L’histoire coloniale n’est pas idyllique, mais à moins d’être un ignorant ou un fripon, on est bien forcé de reconnaître que l’indigène est mieux traité par le conquérant, même cruel, que par ses propres chefs. Pour ce qui est de notre pays, il a poussé jusqu’à l’imbécillité sa générosité. Émile Buré (L’Ordre).
Si l’intelligence est fonction de la vacherie, autour de tes discours, nous devinons, cher Émile, que tu es le plus malin des Pipi la Buré. Mais, que diras-tu, le beau matin que les Patagons, s’étant aperçus enfin de leur mission civilisatrice, tu devras faire le zouave dans leur charmante et lointaine Patagonie ? Va donc voir, en attendant, au-dessus de Saint-Raphaël, les jolies tombes que notre beau pays généreux jusqu’à l’imbécillité a bien voulu offrir à ses sujets indigènes qui eurent le tort de ne point s’acclimater.
Et la résignation chrétienne de nos journaux, lorsqu’ils ont à nous dire, un jour de Pentecôte, que la police de Calcutta dut tirer sur une foule de 1.500 indigènes qui se livraient à la fabrication du sel ?
Ça va, ça va.
Et les poursuites contre ce professeur qui n’applaudit point à notre œuvre colonisatrice ?
Et la petite guéguerre que nous mijote Mussolini, pour mieux exporter ses chemises noires (il faut de la lingerie gaie) dans le Nord de l’Afrique ?
Et les souvenirs centurionesques de toute notre chère civilisation méditerranéenne ?
Et cette vieille voyoucratie phocéenne, qui organise l’univers comme un bordel ?

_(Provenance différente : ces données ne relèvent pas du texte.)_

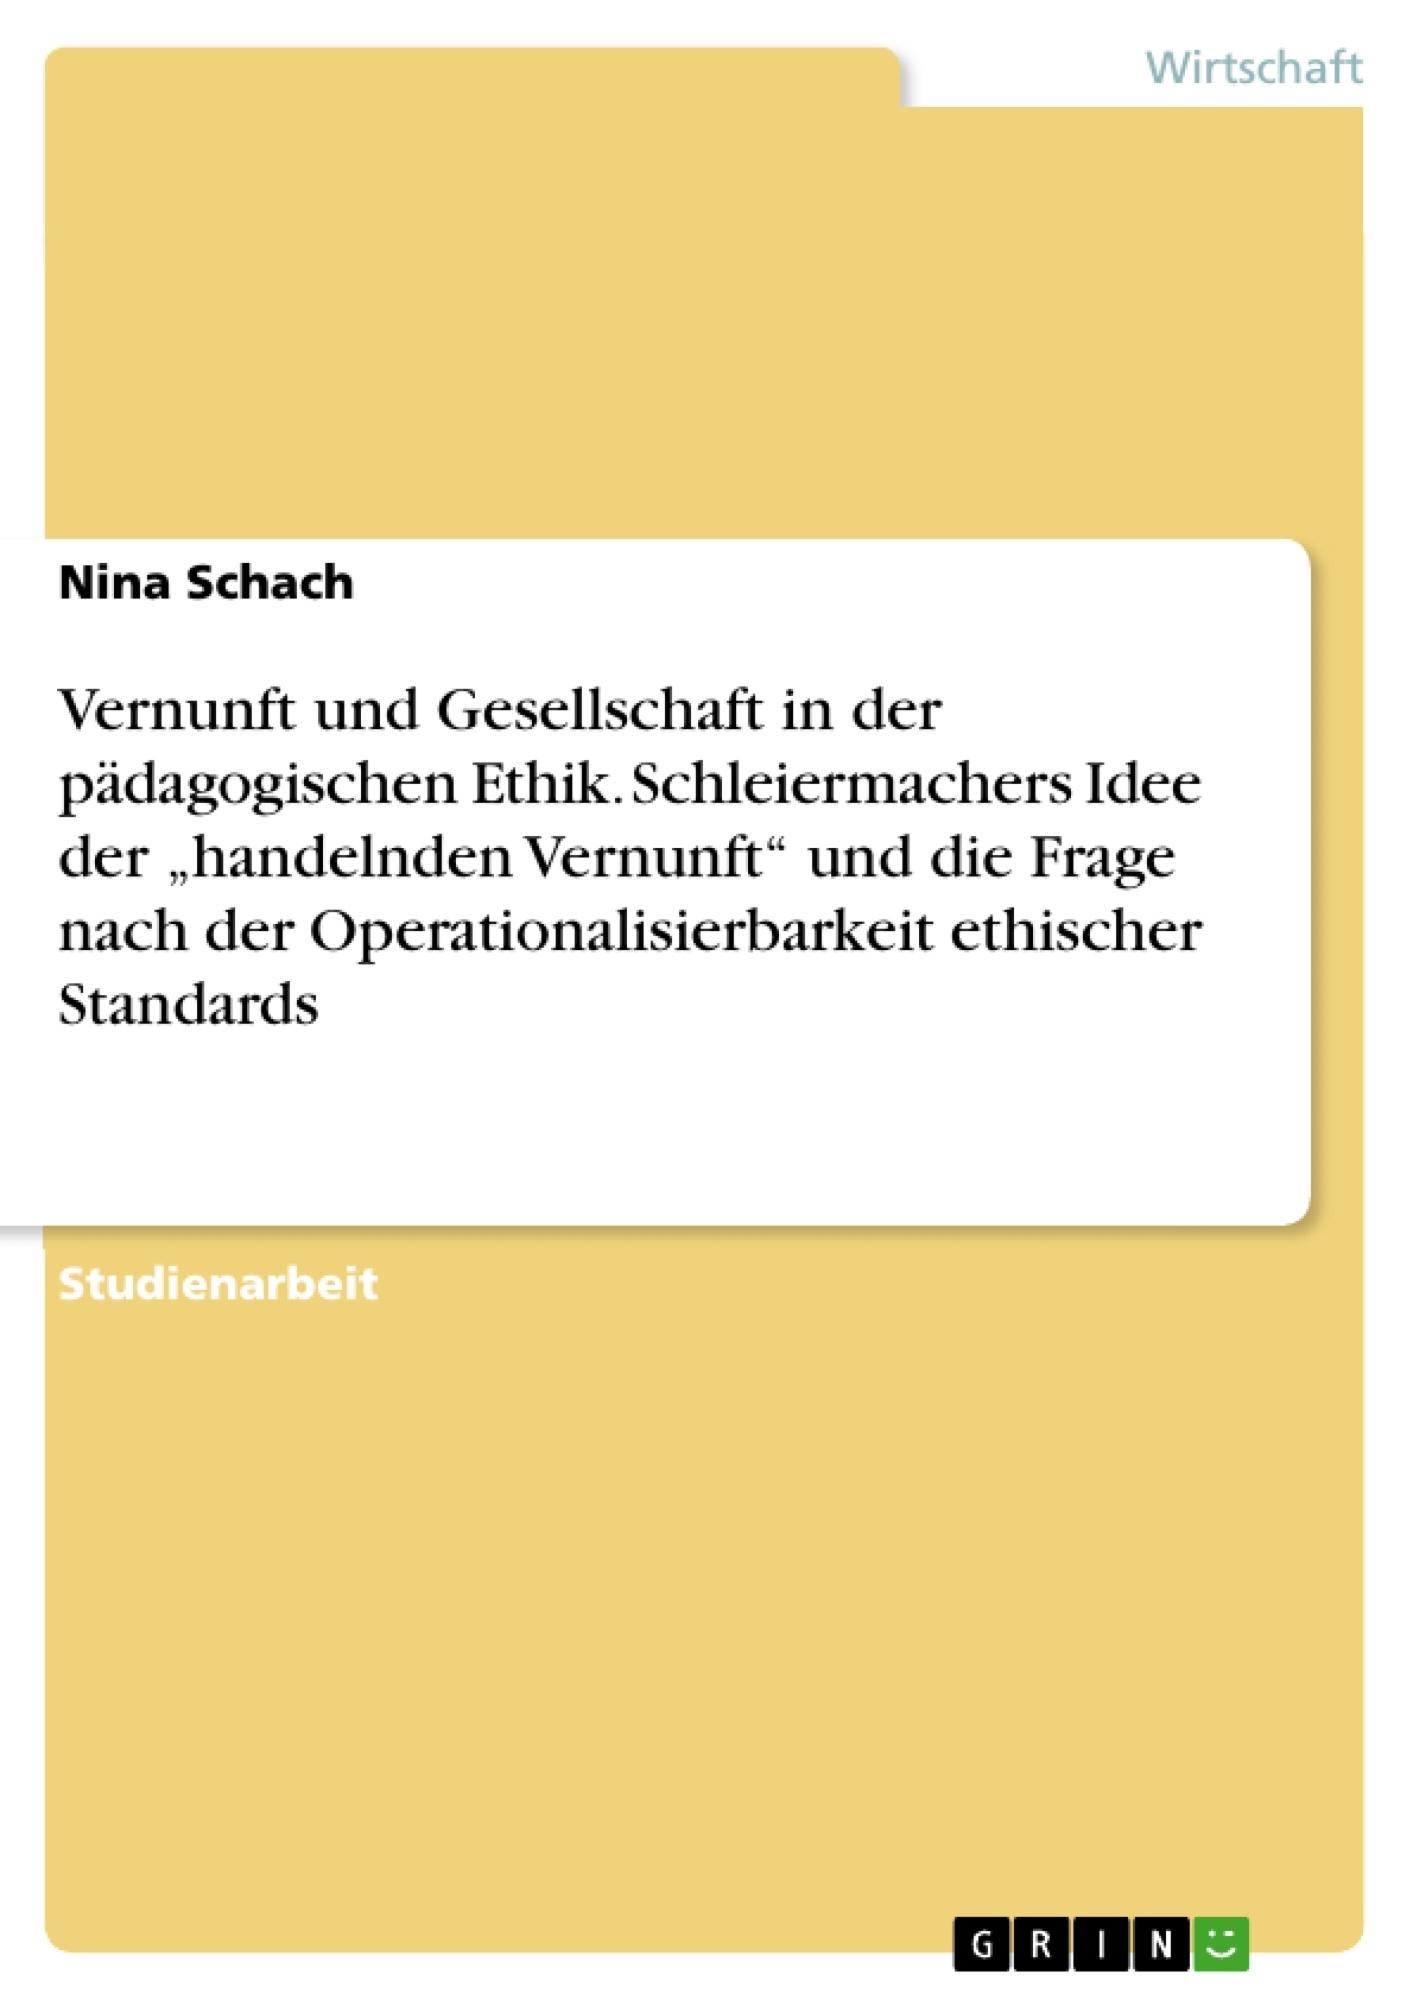 """Titel: Vernunft und Gesellschaft in der pädagogischen Ethik. Schleiermachers Idee der """"handelnden Vernunft"""" und die Frage nach der Operationalisierbarkeit ethischer Standards"""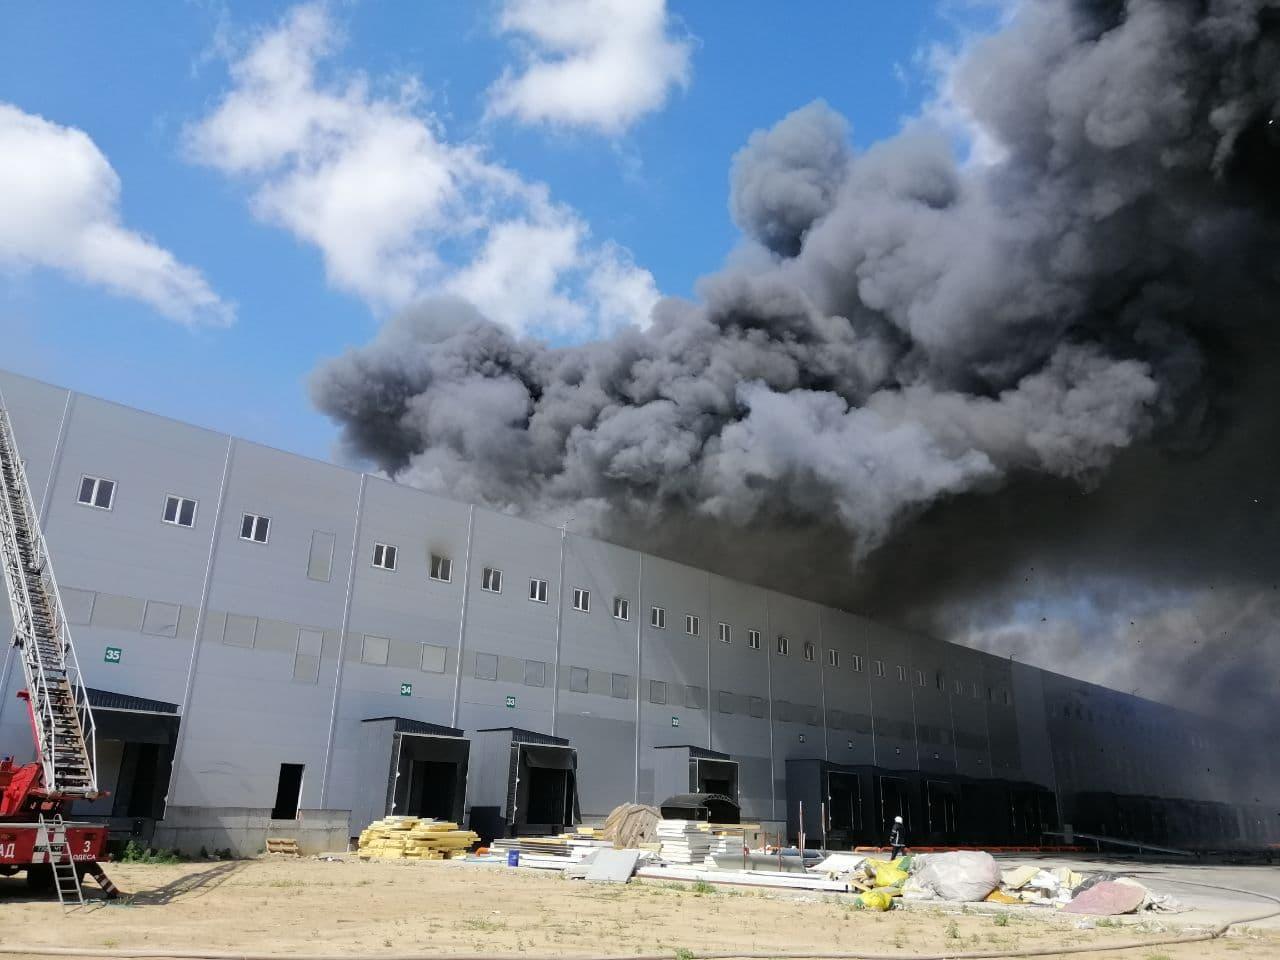 Под Одессой произошел масштабный пожар на складах. Огонь охватил 10 000 кв. м: фото, видео

Et le délire paneuropéen, qui nous barbouille d’étranges mappemondes, où s’opposent, en grandes flaques, les continents, car il ne s’agit point pour ces messieurs paneuropéens de supprimer les frontières mais de les délayer à la sauce vitriol.
Allons, courage et confiance, Pipi la Buré, les vieux gagas, les petits amis ont si bien fait joujoute avec l’univers que, bientôt, l’Océan lui-même ne sera plus qu’une eau de vaisselle patriotarde.